### What is being asked
I need the lines from the one holding "Kitchenaid 30 Inch" to the last line of the data below repeated exactly, both included, without pictures.

### Given data
______________________________

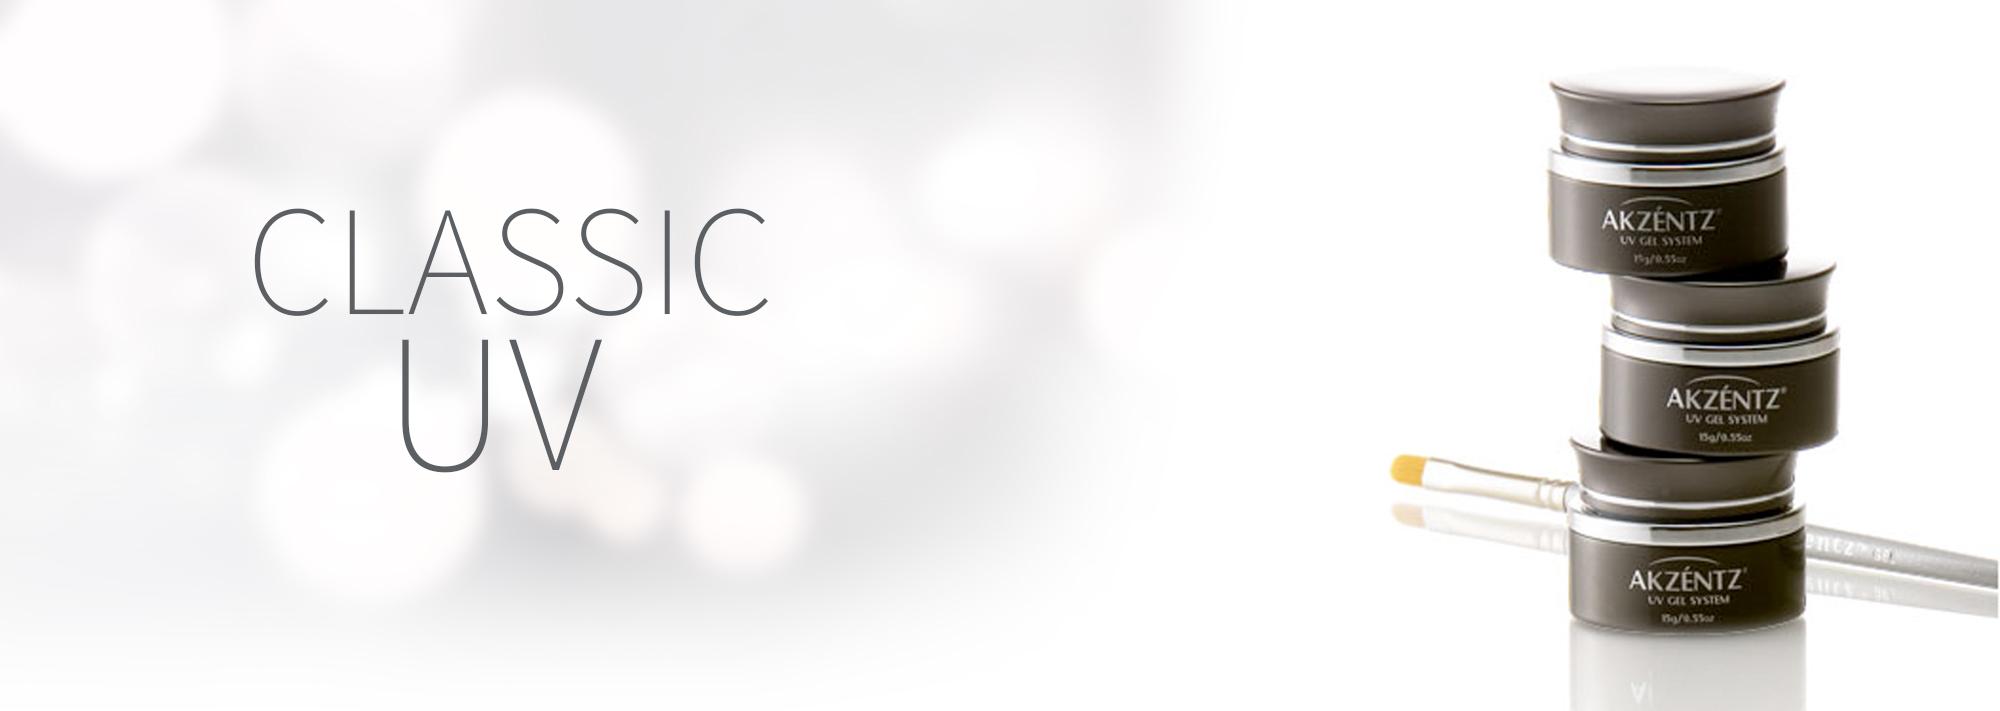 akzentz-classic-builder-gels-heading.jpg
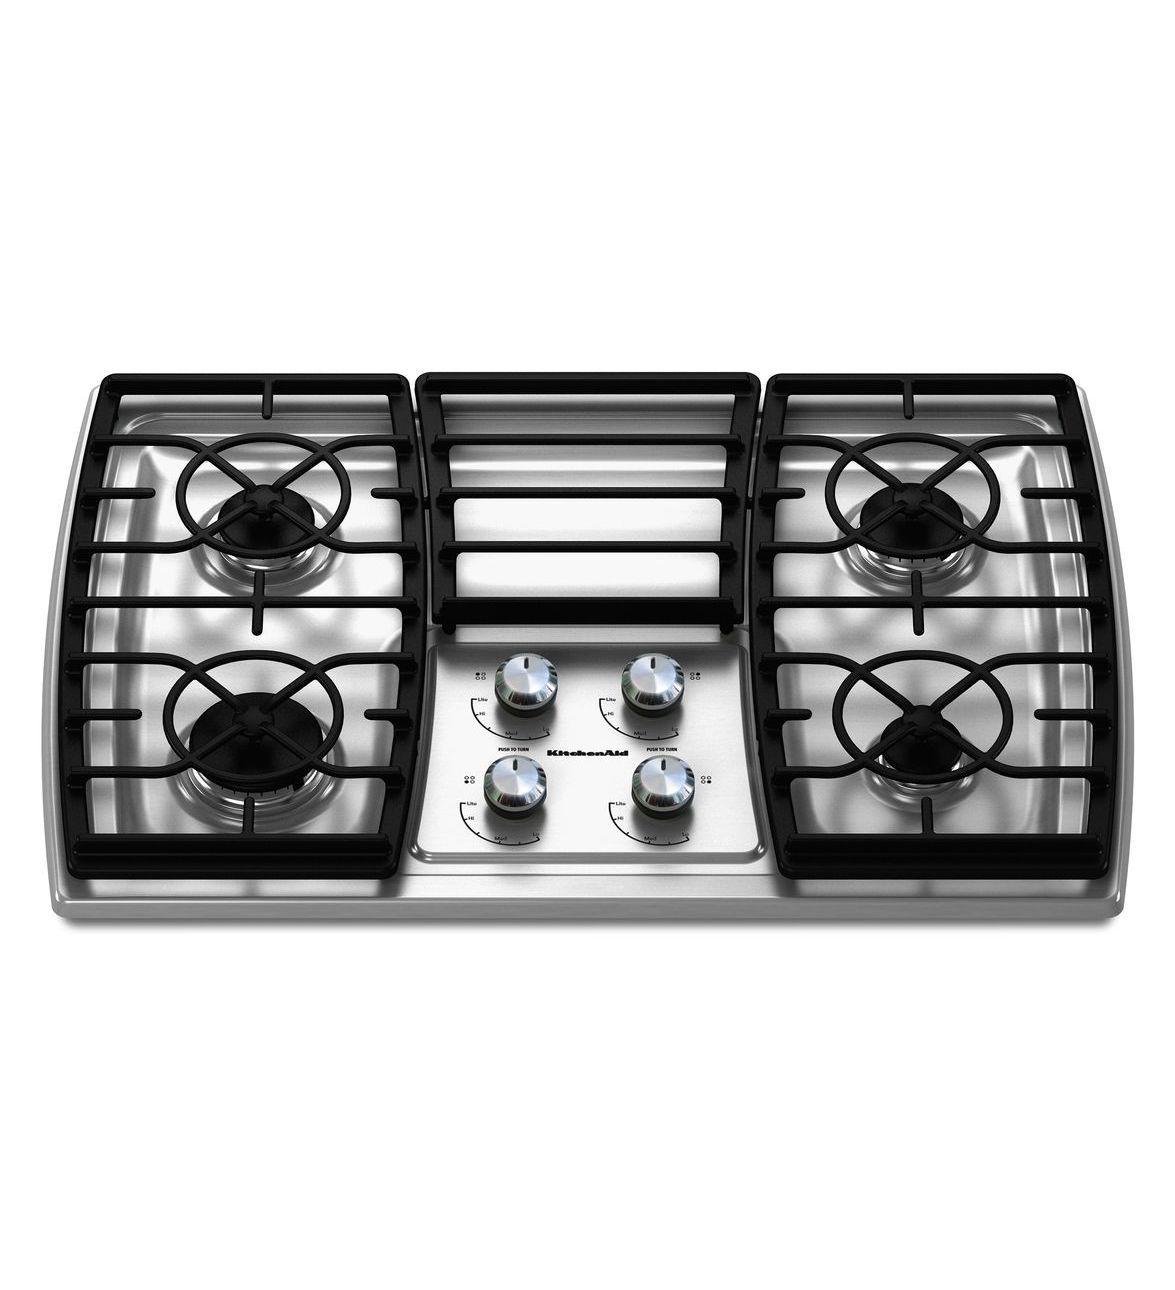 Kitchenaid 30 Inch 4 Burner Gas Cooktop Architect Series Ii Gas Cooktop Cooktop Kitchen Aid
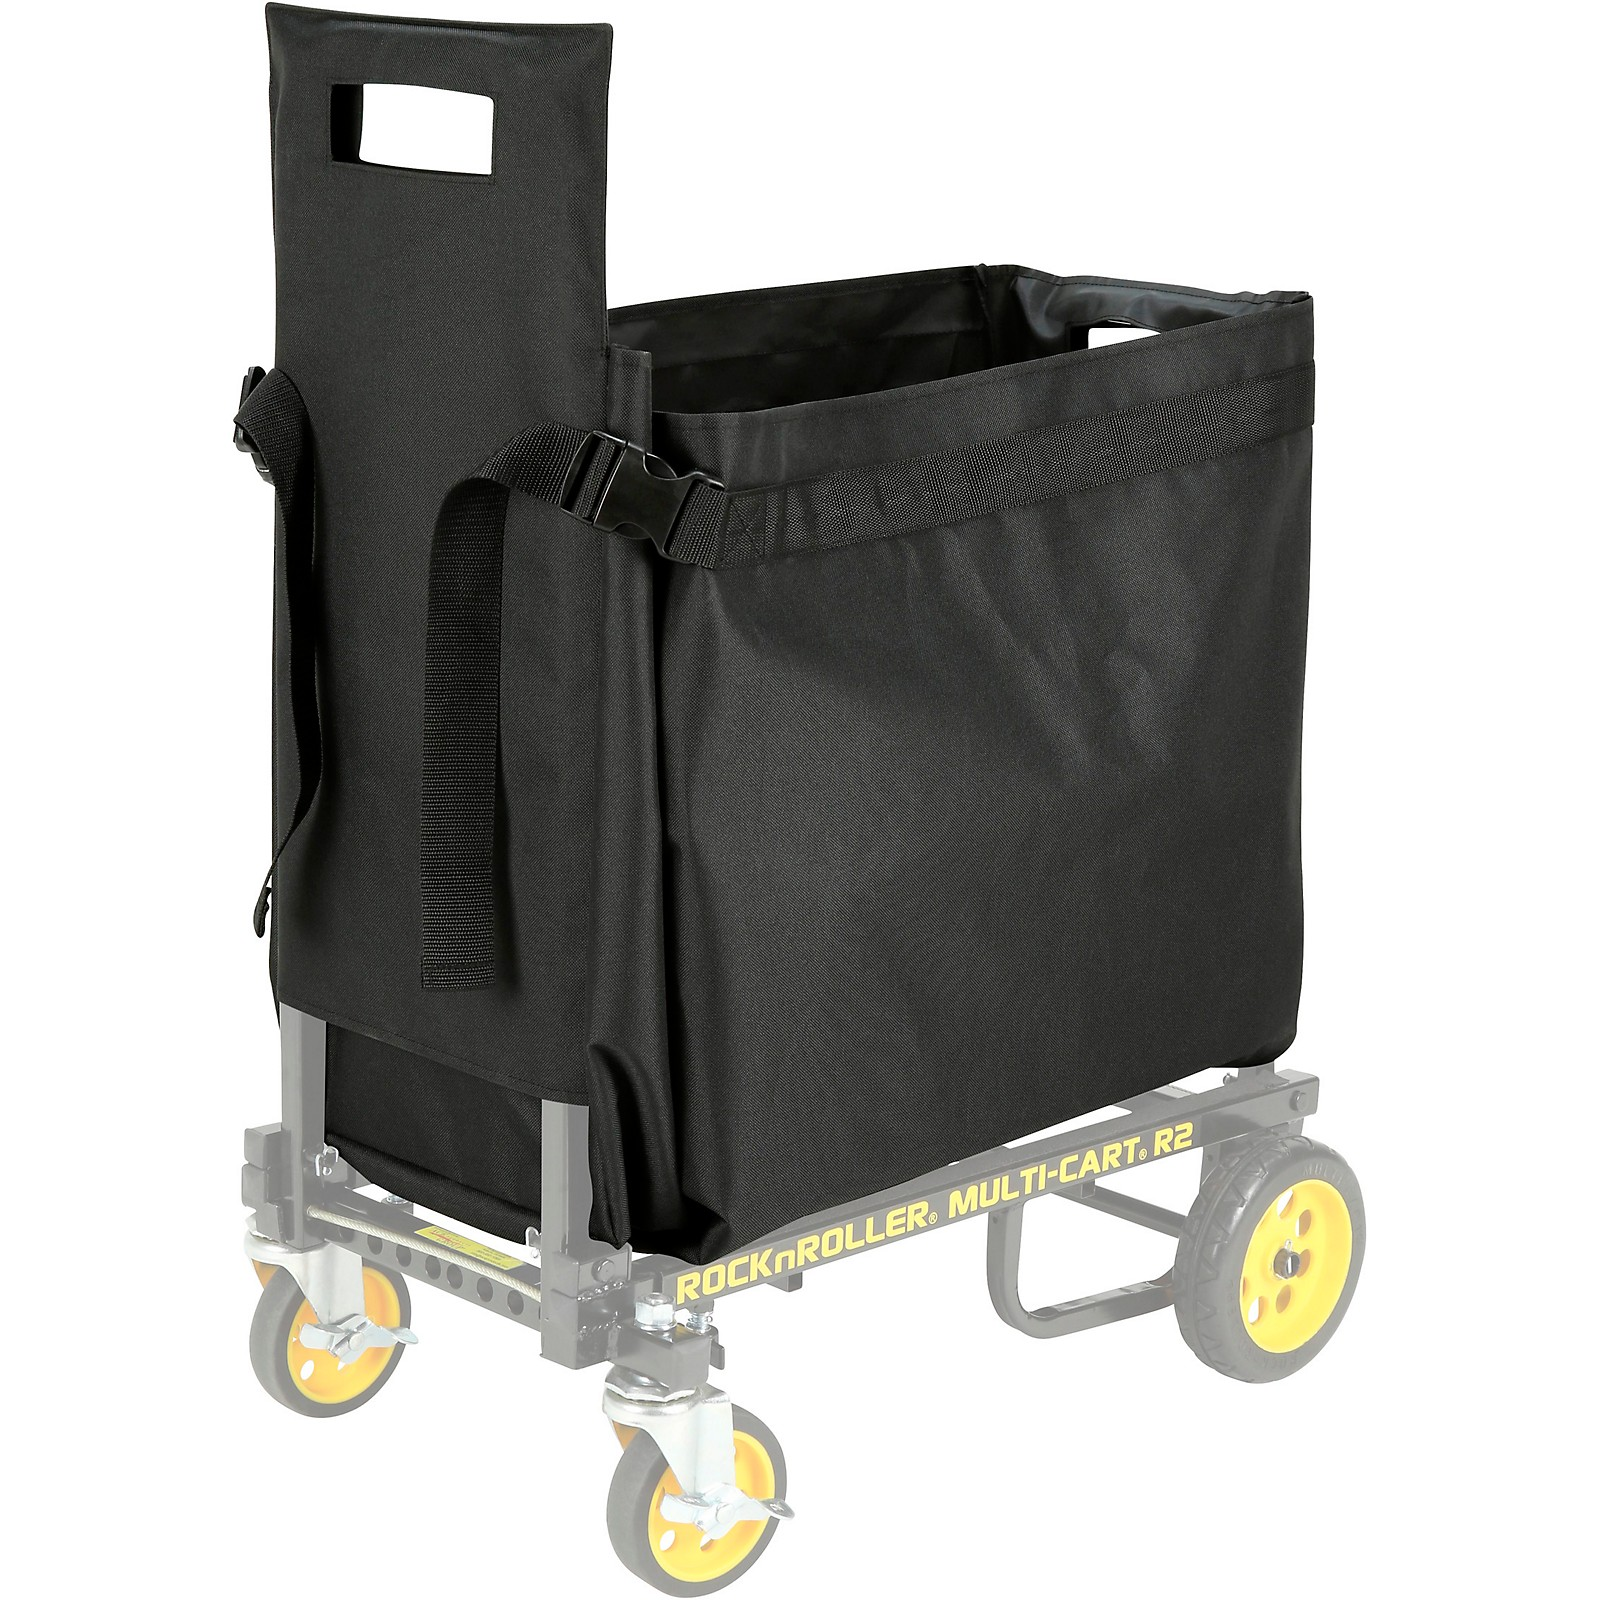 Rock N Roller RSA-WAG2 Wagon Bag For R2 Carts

______________________________

### Answer space
 Kitchenaid 30 Inch 4 Burner Gas Cooktop Architect Series Ii Gas Cooktop Cooktop Kitchen Aid
 Rock N Roller RSA-WAG2 Wagon Bag For R2 Carts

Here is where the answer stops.